Problem requirements
Without the pictures, output all of the data exactly.

Recorded data
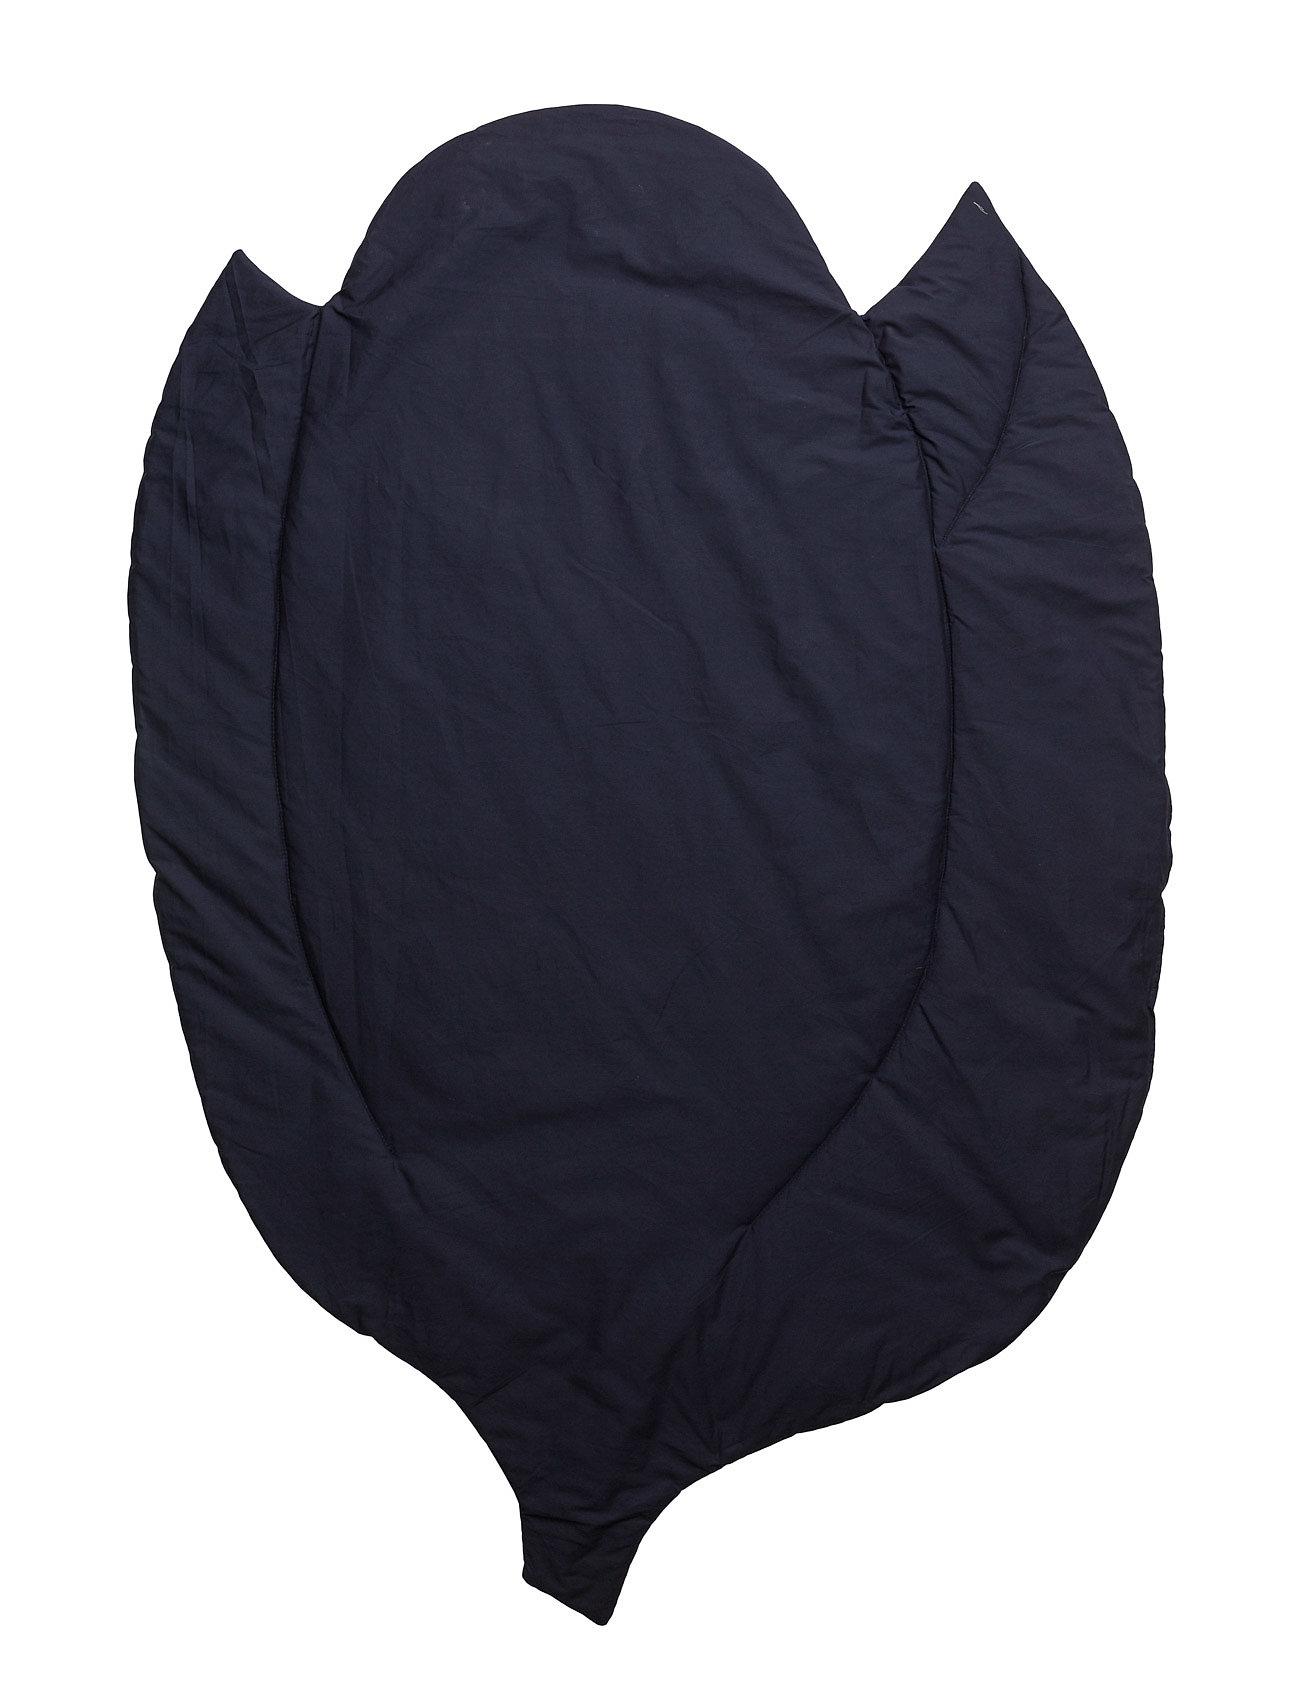 Tulip Blanket Müsli by Green Cotton Accessories til Børn i
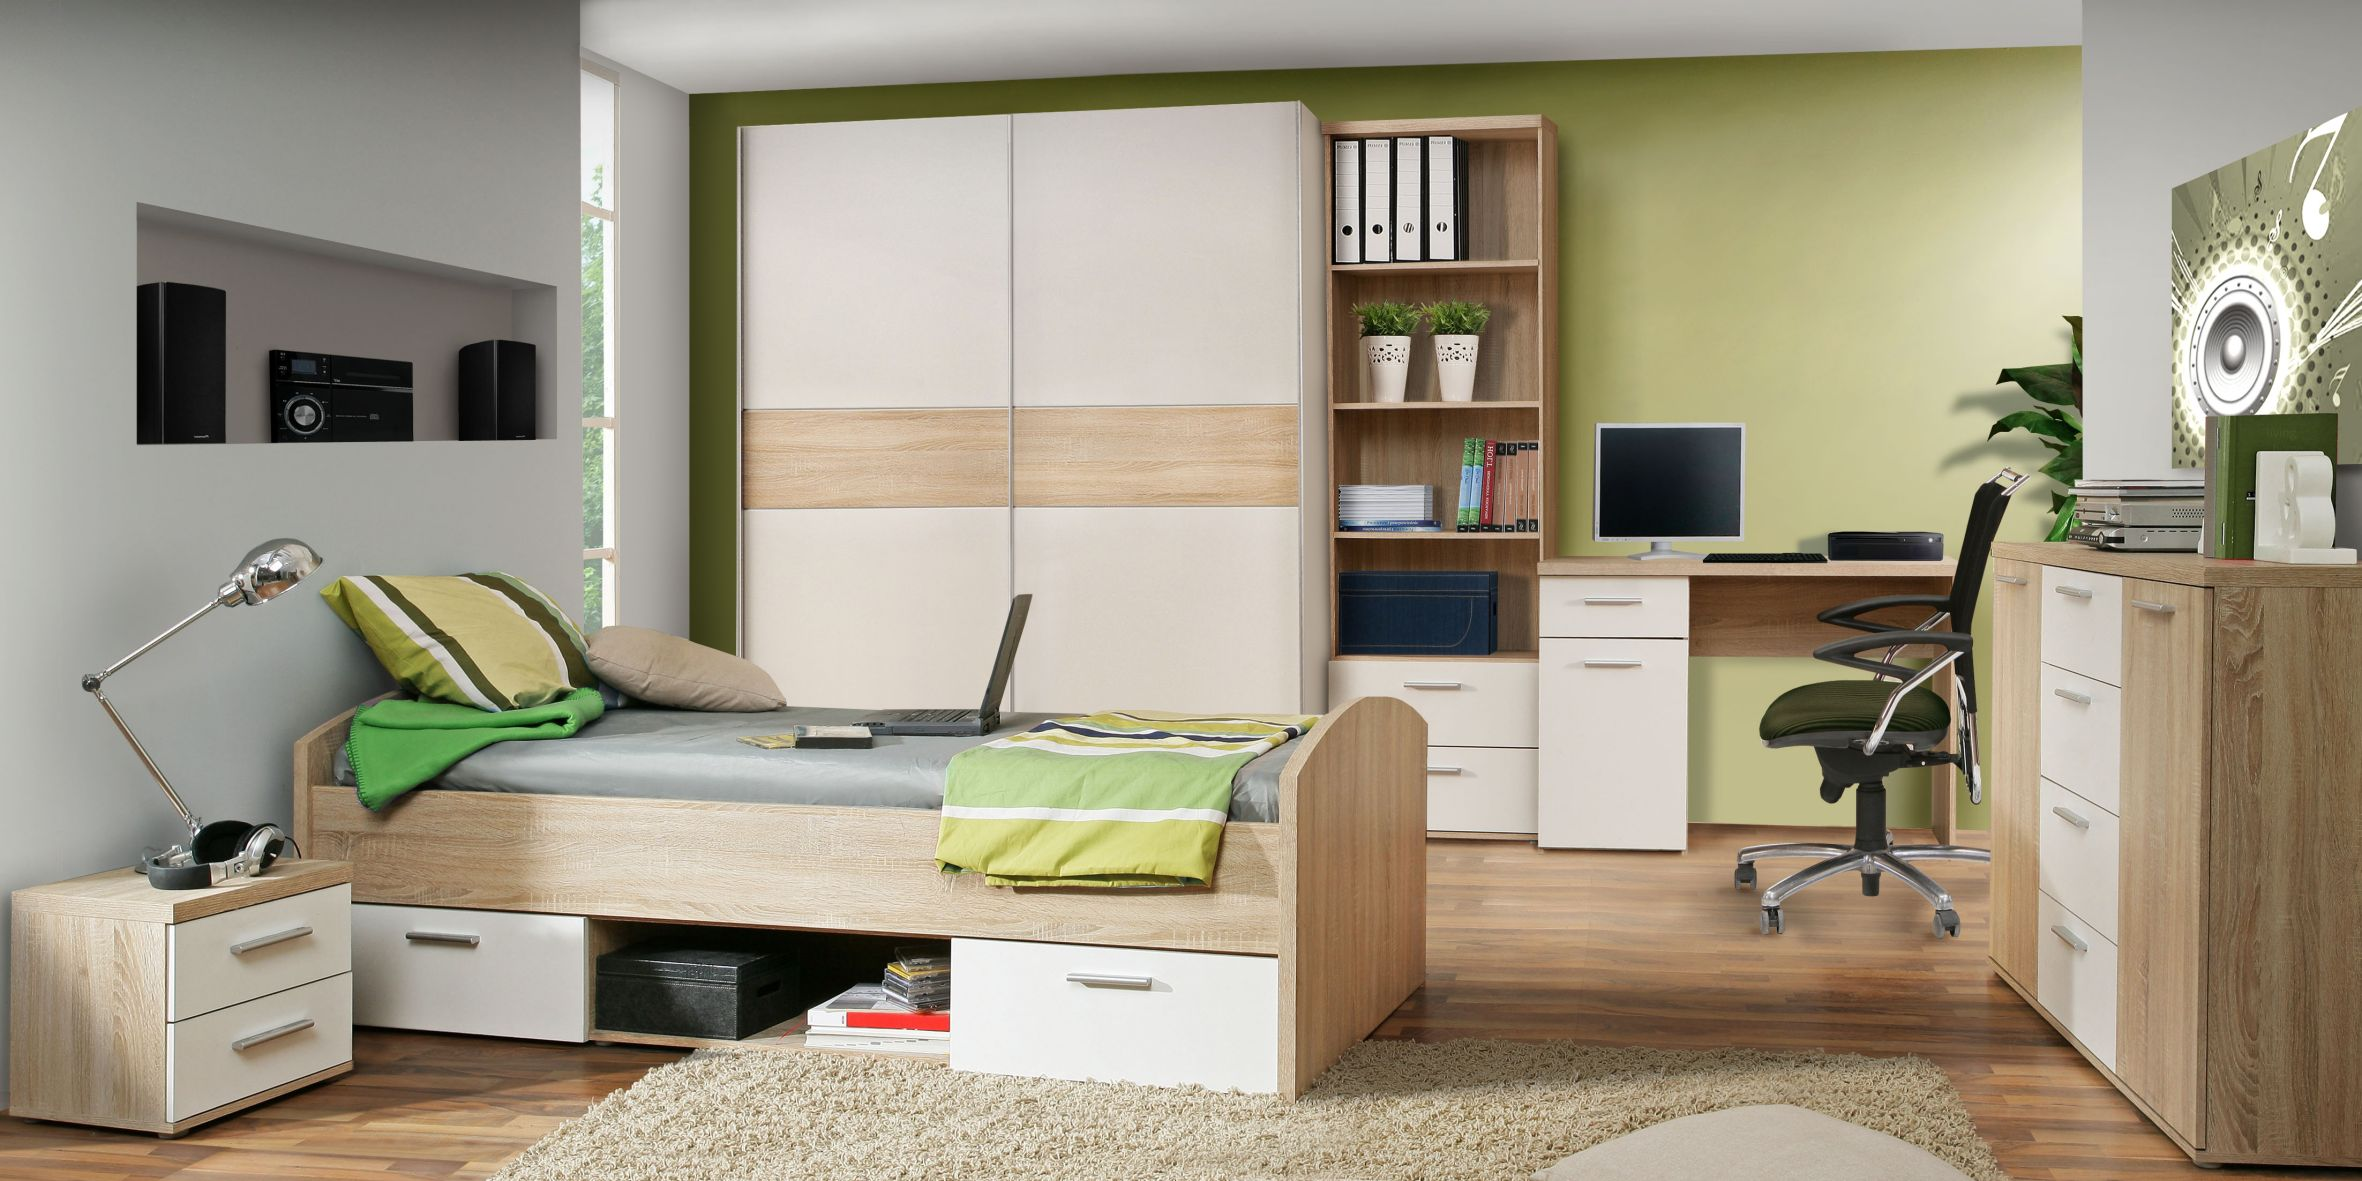 kommode 2 schubk sten winnie von forte sonoma eiche weiss. Black Bedroom Furniture Sets. Home Design Ideas
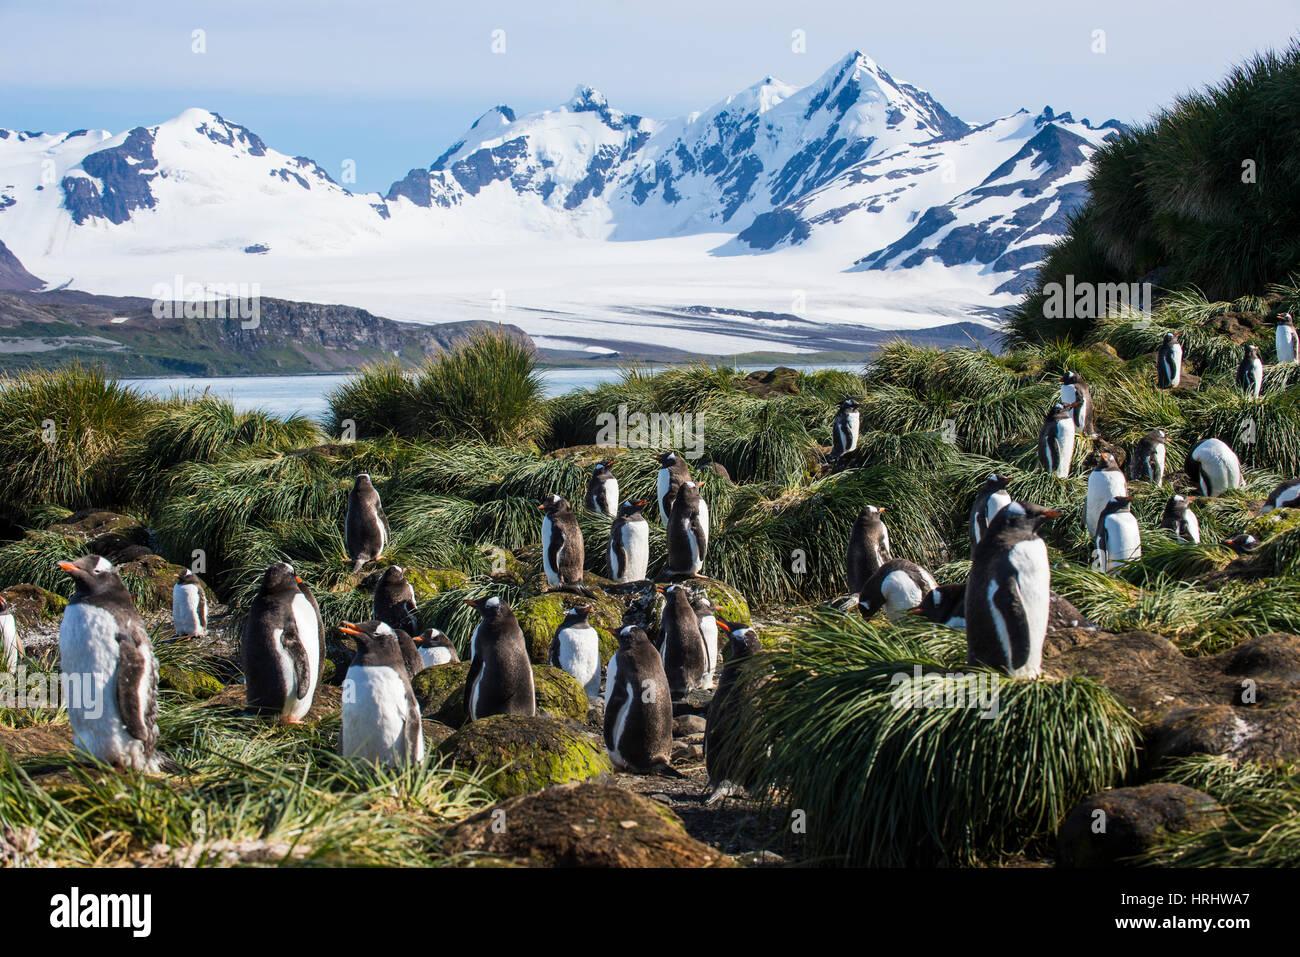 Gentoo penguin (Pygoscelis papua) colony, Prion Island, South Georgia, Antarctica, Polar Regions - Stock Image

Result of this exercise
 Tulip Blanket Müsli by Green Cotton Accessories til Børn i
 kommode 2 schubk sten winnie von forte sonoma eiche weiss. Black Bedroom Furniture Sets. Home Design Ideas
 Gentoo penguin (Pygoscelis papua) colony, Prion Island, South Georgia, Antarctica, Polar Regions - Stock Image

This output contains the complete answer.